Grand Challenges and the New Car Smell

It has been a crazy week so far. In between launching the new course and attending a number of important presentations, our Executive Dean, Professor Peter Dowd, is leaving the role after 8 years and we’re all getting ready for the handover. At time of writing, I’m sitting in an airport lounge in Adelaide Airport waiting for my flight to Melbourne to go and talk about the Learning and Teaching Academy of which I’m a Fellow so, given that my post queue is empty and that I want to keep up my daily posting routine, today’s post may be a little rushed. (As one of my PhD students pointed out, the typos are creeping in anyway, so this shouldn’t be too much of a change. Thanks, T. 🙂 )

The new course that I’ve been talking about, which has a fairly wide scope with high performing students, has occupied five hours this week and it has been both very exciting and a little daunting. The student range is far wider than usual: two end-of-degree students, three start-of-degree students, one second year and one internal exchange student from the University of Denver. As you can guess, in terms of learning design, this requires me to have a far more flexible structure than usual and I go into each activity with the expectation that I’m going to have to be very light on my feet.

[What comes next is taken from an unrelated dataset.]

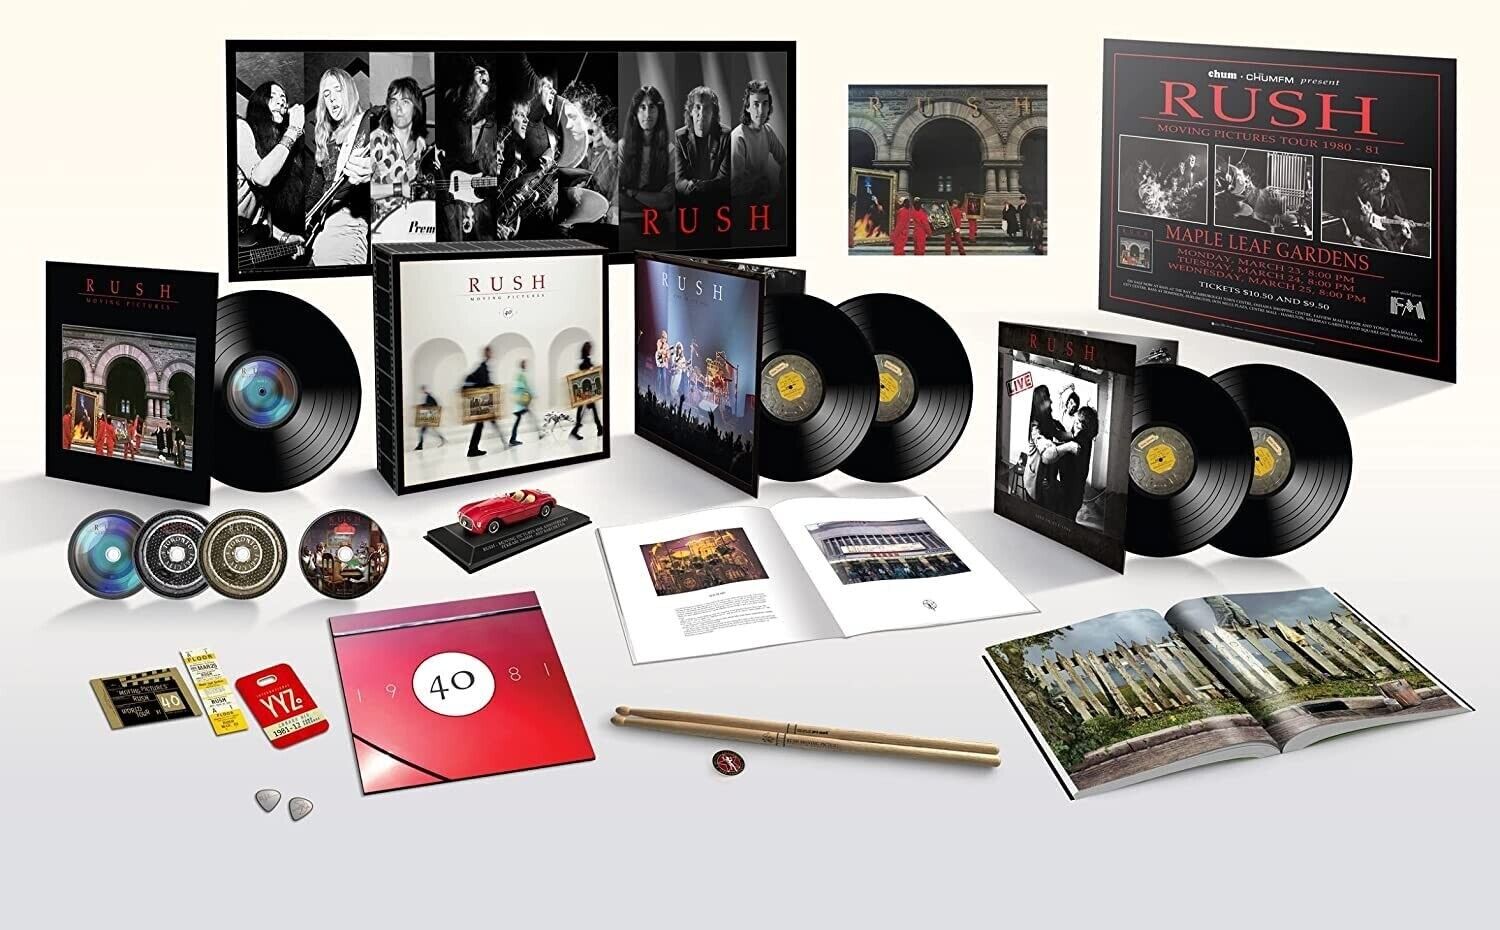 Rush Moving Pictures (40th Anniversary) [Super Deluxe 3CD/5LP/Blu-Ray] - New

I’ve been very pleased by two things in the initial assessment: firstly, that the students have been extremely willing to be engage with the course and work with me and each other to build knowledge, and secondly, that I have the feeling that there is no real ‘top end’ for this kind of program. Usually, when I design something, I have to take into account our general grading policies (which I strongly agree with) that are not based on curve grading and require us to provide sufficient assessment opportunities and types to give students the capability to clearly demonstrate their ability. However, part of my role is pastoral, so that range of opportunities has to be carefully set so that a Pass corresponds to ‘acceptable’ and I don’t set the bar so high that people pursuing a High Distinction (A+) don’t destroy their prospects in other courses or burn out.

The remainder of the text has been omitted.